As we went around an inside bend on the right side of the river and began fishing the slack water, an incredible shadow came out of the depths downstream of the streamer. This monster met the streamer at one of its pauses, and the strip-set retrieve hooked the brown the instant his mouth closed.
It torpedoed downstream and jumped. Kevin gained control by stripping the line, eventually bringing the fish to the right side of the boat.
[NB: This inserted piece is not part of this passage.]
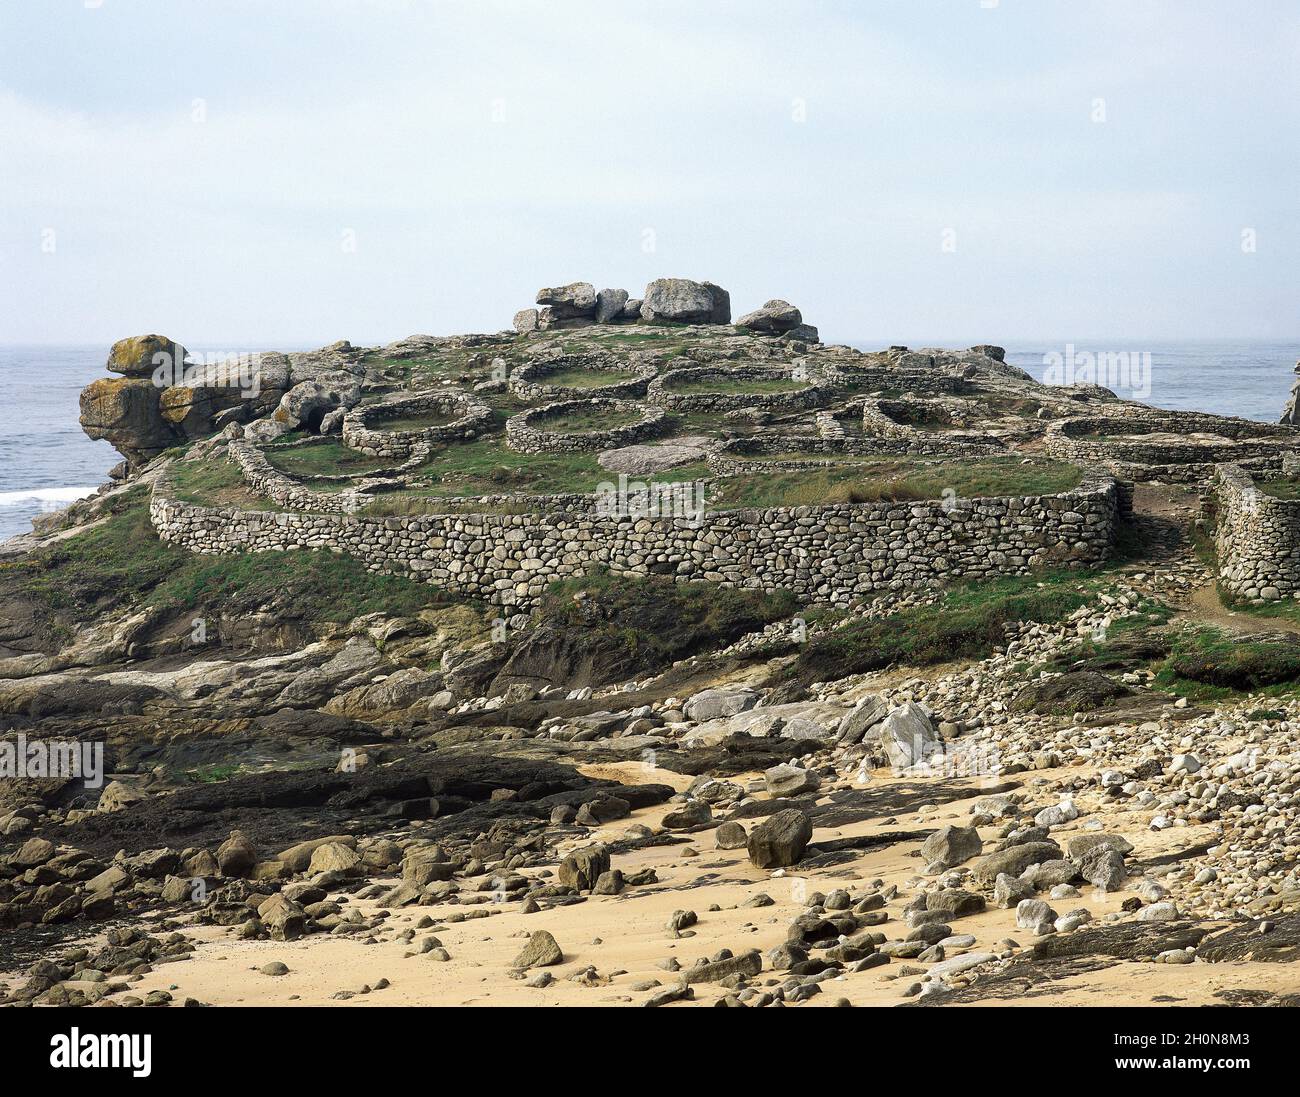 Castro von Baroña. Eiszeitliche Siedlung, 1. Jahrhundert v. Chr. - 1. Jahrhundert n. Chr. Galicien, Provinz La Coruña, Spanien. Stockfoto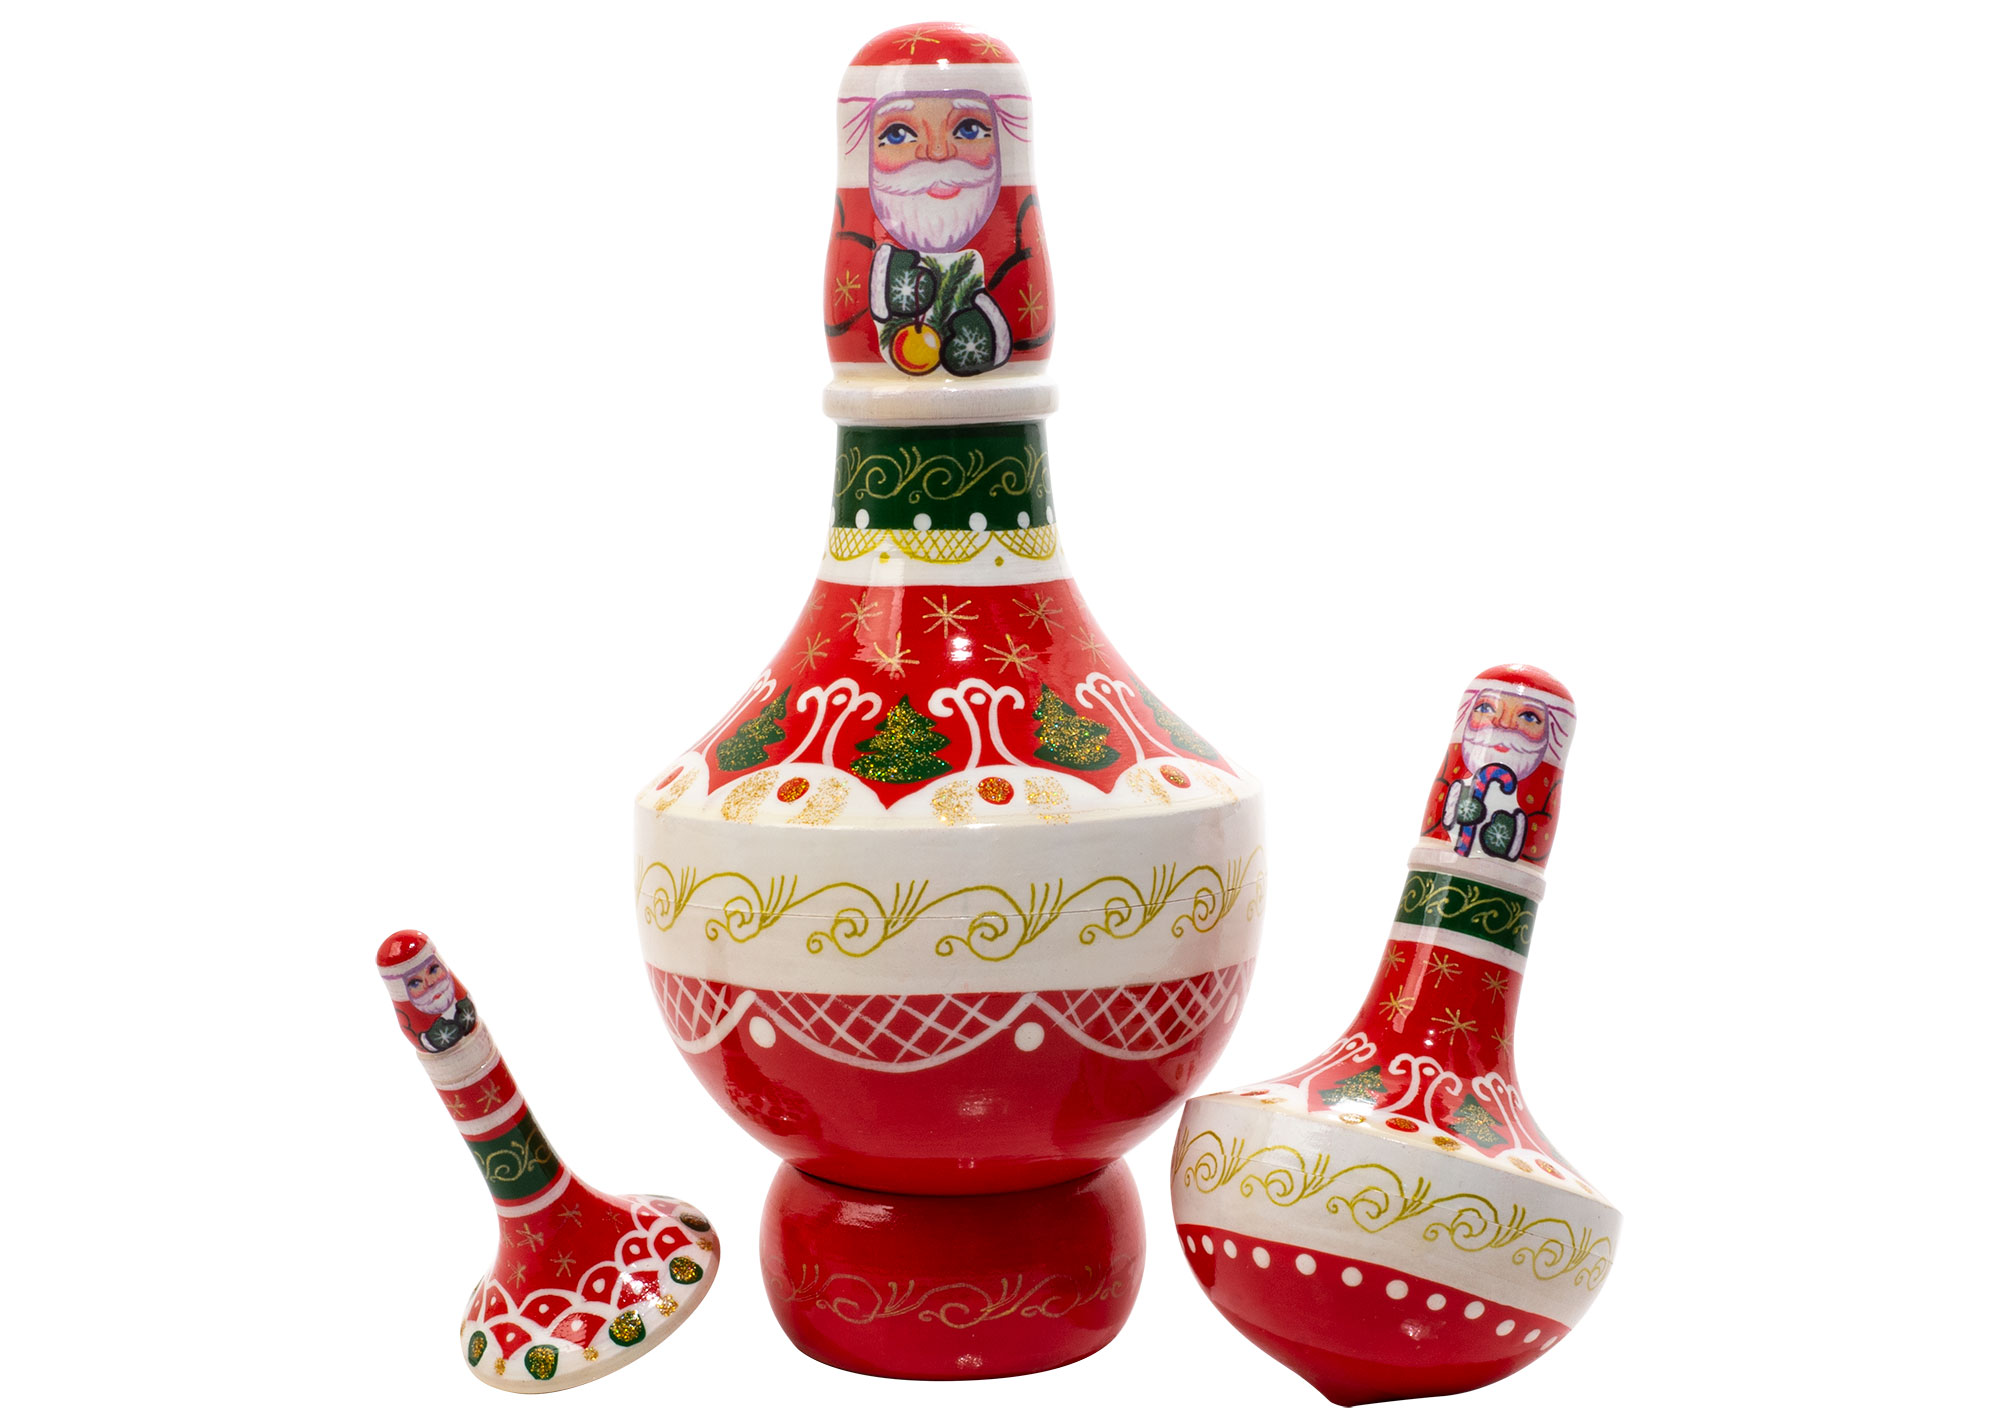 Buy Матрешка «Рождественский волчок» 3 места 12,5 см at GoldenCockerel.com

The first time this monster came into the net, it jumped three feet out of the net and back into the river and, still hooked, tore downstream again. When the line was eventually stripped in, Kevin brought the fish under control on the other side of the boat and back into the net. We took both hooks out of his jaw and measured the fish at twentyseven and a quarter inches.
Jac’s Retrieve Tips
1. As weather and water type vary, so must the retrieve. 2. When the water temperature drops, the trophy’s energy slows, and so must the retrieve. 3. As the water temperature increases, the speed of the retrieve gradually increases as well. 4. After a brief or long pause, the rod hand then moves toward the line/streamer, and the fly line relaxes, allowing it to sink deeper. 5. As the line is relaxed and sinking, the leader and streamer are free from tension, enhancing the movement of the streamer and the ability of the trophy to suck it back deeper into the mouth as it eats—the number of hooked trophies increases as the fly is further into the fish’s mouth. 6. The strip-set retrieve creates a relaxed line that will drop deeper, getting the streamer into the fish’s water column. 7. As the leader loses tension, so does the streamer enhancing its ability to move freely, and as the length in time of the pause of the streamer increases, the ability for the fish to engulf and swallow the streamer increases as well.